Atomic Resolution EDS

Advances in thin film growth has created a need for characterizing structure and chemistry at the atomic scale. In many cases, features such as interface abruptness and compositional segregation are important for understanding device performance. Scanning transmission electron microscopy (STEM) offers a route towards directly observing material structure on an atom-by-atom basis, however, until recent advances, inabilities to collect enough signal limited high-resolution spectroscopy. At EAG Laboratories, we now have the capability to perform energy dispersive X-ray spectroscopy (EDX / EDS) at the atomic scale.

RESULTS AND DISCUSSION

The atomically resolved structure of InGaAsSb superlattice oriented along the <110> zone axis is shown using HAADF (Z-contrast) STEM with an intensity profile corresponding to the yellow line from the image in Figure 1. 
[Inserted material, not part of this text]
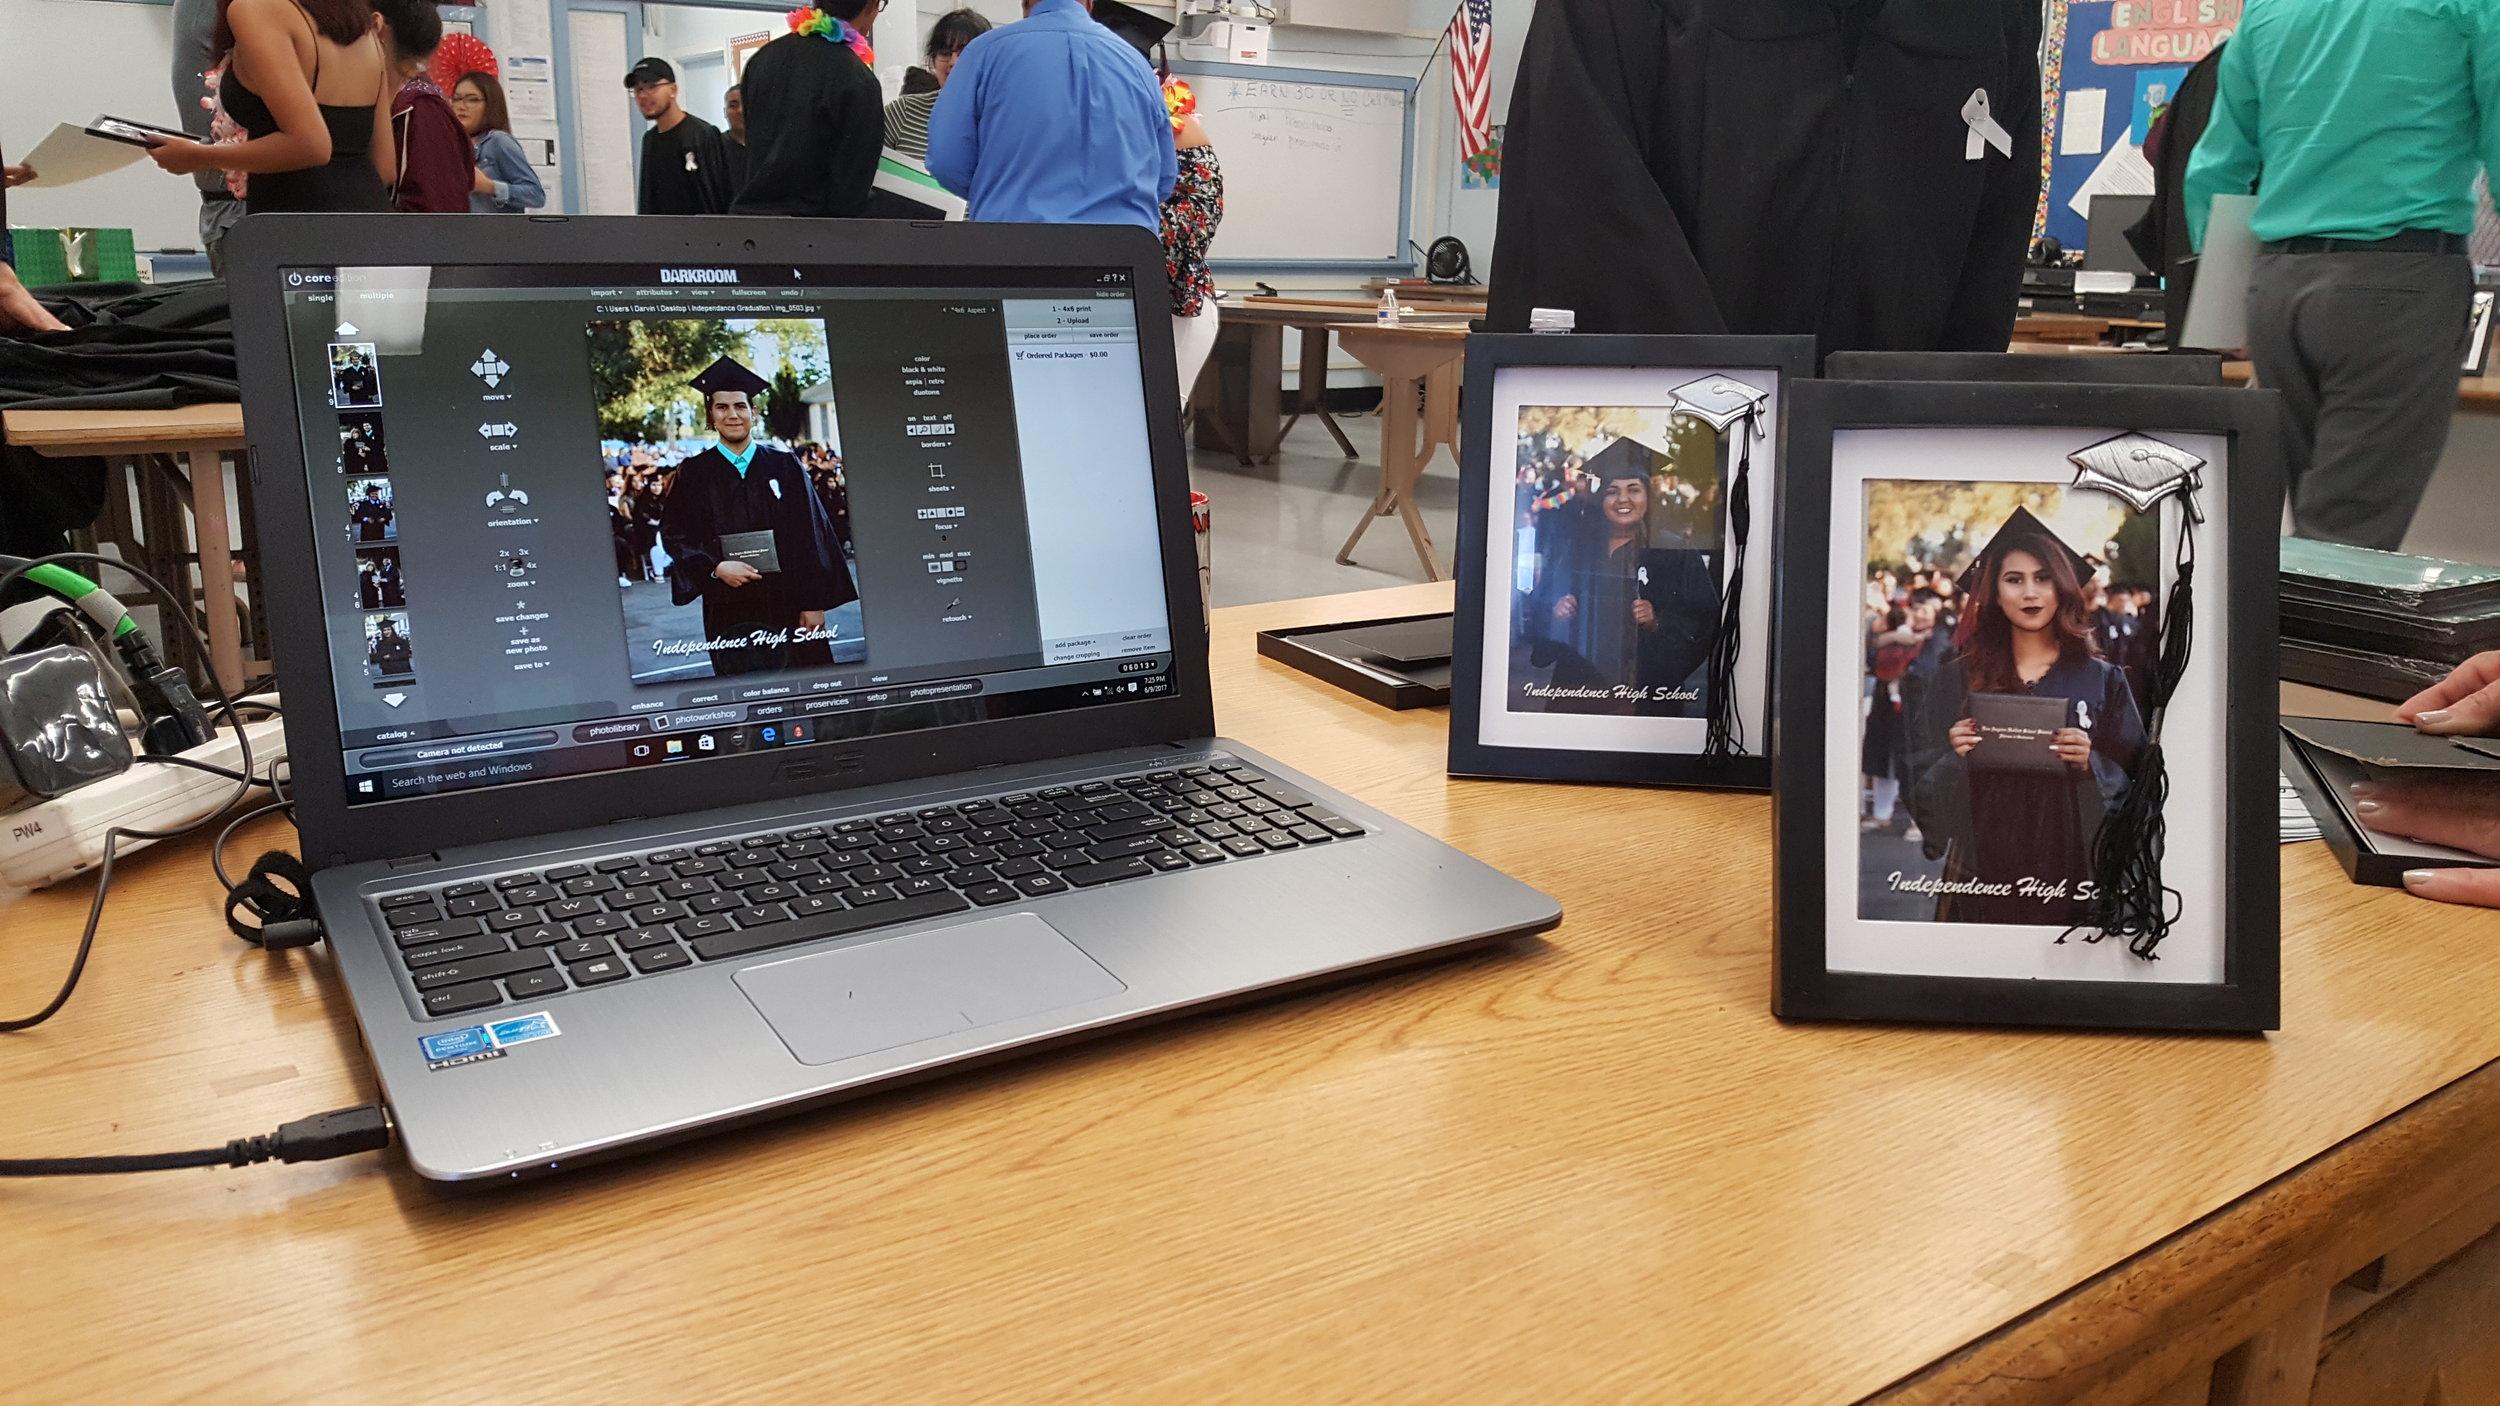 Event Photos for Graduation

Figure 1: HAADF (Z-contrast) image of an InGaAsSb superlattice acquired at atomic resolution. Sample was provided courtesy of North Carolina A&T.

Each bright spot corresponds to the position of a column of atoms with intensity scaling to the average atomic number in the column. Although the intensity scales with atomic number and total number of atoms in a column, extracting compositional information is elusive in many cases. For ternary or quaternary systems, the same intensity for several situations may occur. For example, an In-Ga-Al mixed column may appear to have the same intensity as a pure Ga column.

To resolve ambiguities in HAADF image intensities, spectroscopy can be used to provide maps with signals linked to each elemental species present by using the X-rays generated from the sample-electron beam interaction. In previous generations of EDS detectors, low signal collection hampered the achievable signal at atomic resolution, restricting the ability to perform atomic scale mapping. With modern technology, the attainable signal is roughly an order of magnitude higher and these techniques can now be performed at atomic resolution.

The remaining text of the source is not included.